Son günlerdeki nükleer enerji tartışmalarına Sabancı Holding de katılarak nükleer enerji yatırımlarıyla ilgilendiklerini bildirdi. Holding’in CEO’su (Üst Yönetici) Ahmet Dördüncü bu işle ilgilenme sebeplerini “her şey insan içindir” sözüyle açıklıyor! Sabancı Holding CEO’su Ahmet Dördüncü’nün nükleer enerji konusunda yaptığı açıklamayla kapitalist sistemde şirketlerin yönelimlerini belirleyen şeyin artık “kâr güdüsü” değil de “her şey insan içindir” […]
Son günlerdeki nükleer enerji tartışmalarına Sabancı Holding de katılarak nükleer enerji yatırımlarıyla ilgilendiklerini bildirdi. Holding’in CEO’su (Üst Yönetici) Ahmet Dördüncü bu işle ilgilenme sebeplerini “her şey insan içindir” sözüyle açıklıyor!
Sabancı Holding CEO’su Ahmet Dördüncü’nün nükleer enerji konusunda yaptığı açıklamayla kapitalist sistemde şirketlerin yönelimlerini belirleyen şeyin artık “kâr güdüsü” değil de “her şey insan içindir” fikri olduğunu öğrenmiş olduk!
Dördüncü yaptığı açıklamada şunları söyledi: “…Sabancı Holding olarak, nükleer enerji yatırımıyla ilgileniyoruz ve üzerinde çalışıyoruz. Biz iş mükemmeliyetini genlerinde taşıyan bir grup olarak böyle hassas bir konuyu gerekli şartlar oluşturulması şartıyla hakkıyla yerine getiririz. Herşey insan içindir…nükleer enerji yatırımlarımızda en önemli paydaşlarımız devlet, nükleer enerji konusunda en yüksek teknolojiye sahip uluslararası iş ortaklarımız ve toplumumuzun tüm kesimleri olacaktır.” “Altyapı, bir başka önem taşıyan konu.
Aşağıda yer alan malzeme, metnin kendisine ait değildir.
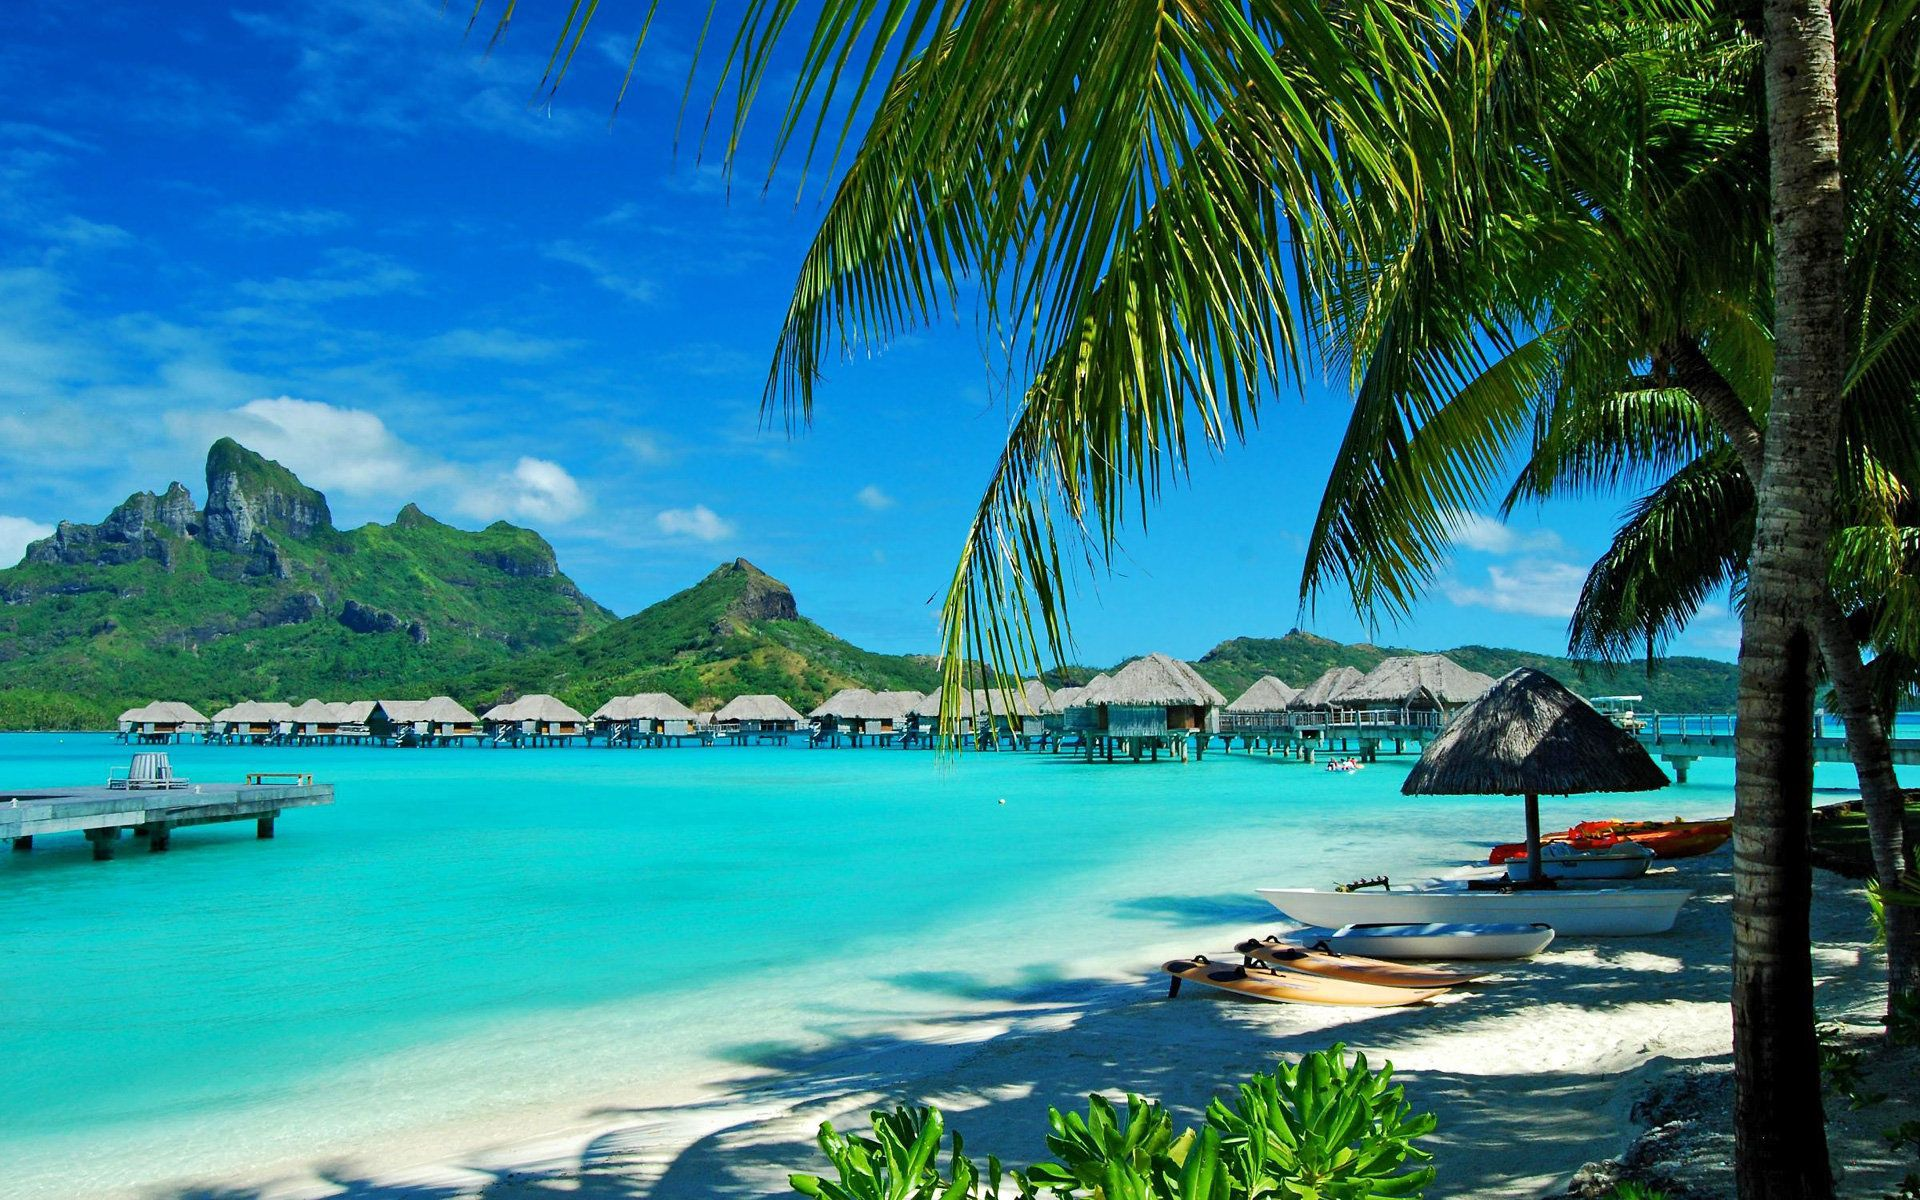 136987 скачать обои Пальмы, Берег, Природа, Отдых, Лагуна, Гавайи, Курорт, Голубая Вода - заставки и картинки бесплатно

Ayrıca kamuoyunun ikna edilmesi konusunda devlete büyük iş düşüyor.”
Sabancı Holding Herkese Bir Rol Biçmiş
Ahmet Dördüncü’nün sözlerinden Sabancı Holding’in “her şey insan içindir” fikri temelinde değil de “kâr güdüsü” temelinde bir işbölümünü vakit kaybetmeden planladığı anlaşılıyor. İşbölümünde Sabancı Holding’in, uluslararası enerji tekellerinin, devlet aygıtının ve toplumun ayrı ayrı rolleri bulunuyor.
Bu işbölümünde devlete düşen rol:
– Toplumun temel ihtiyaçlarını karşılamak için kullanılması gereken kamusal kaynakların enerji tekellerinin ve yerli işbirlikçilerinin giderlerini azaltmak için nükleer enerji alt yapısının hazırlanmasında kullanılması.
– Nükleer enerji üretimi sonucunda oluşacak atıklara ve çevreye verilecek zarara karşı yine kamusal kaynaklar kullanılarak önlem alınması.
– Kamuoyunun nükleer enerjinin topluma faydalı olacağı yalanına inandırılması.
– Enerjinin piyasalaştırılarak şirketler kâr alanı yaratmak konusunda bir adım daha atılması.
Uluslararası enerji tekellerine düşen rol:
– Nükleer enerji teknolojilerine dair sahip oldukları fikri mülkiyet, patent vs. gibi haklarından kaynaklı kazanacakları dolaylı, Türkiye’de inşa edilecek nükleer santrallere ortak olarak kazanacakları doğrudan paralar.
Sabancı Holding’e düşen rol:
– Enerji tekellerinin Türkiye’deki işbirlikçiliğini yaparak büyük pastadan kendisi için bir dilim almak.
– Hükümetle birlikte kamuoyunu nükleer enerjinin topluma faydalı olacağı ve nükleer enerjinin kullanılmasının zorunlu olduğu yalanına inandırma. Bunun için üniversitelerdeki adamlarına bilimsel “gerekçeler!” ürettirme.
Topluma düşen rol:
– Özel sektörün giderlerini azaltmak üzere devlet tarafından karşılanacak alt yapı vs. gibi giderleri verdiği vergilerle finanse etme.
– Olası bir nükleer felakette, felaketin maddi ve manevi yıkıntılarını karşılamaya hazırlanma.
Güneş Bize Yeter
Nükleer enerjiyi savunan şirketlerin, bu şirketlerin üniversitelerdeki adamlarının ve enerji tekellerinin “zorunlu, kaçınılmaz, tehlikesiz, ucuz” gibi iddialarına karşı nükleer karşıtı eylemlerdeki bir pankart dikkat çekiyor; “Güneş Bize Yeter.”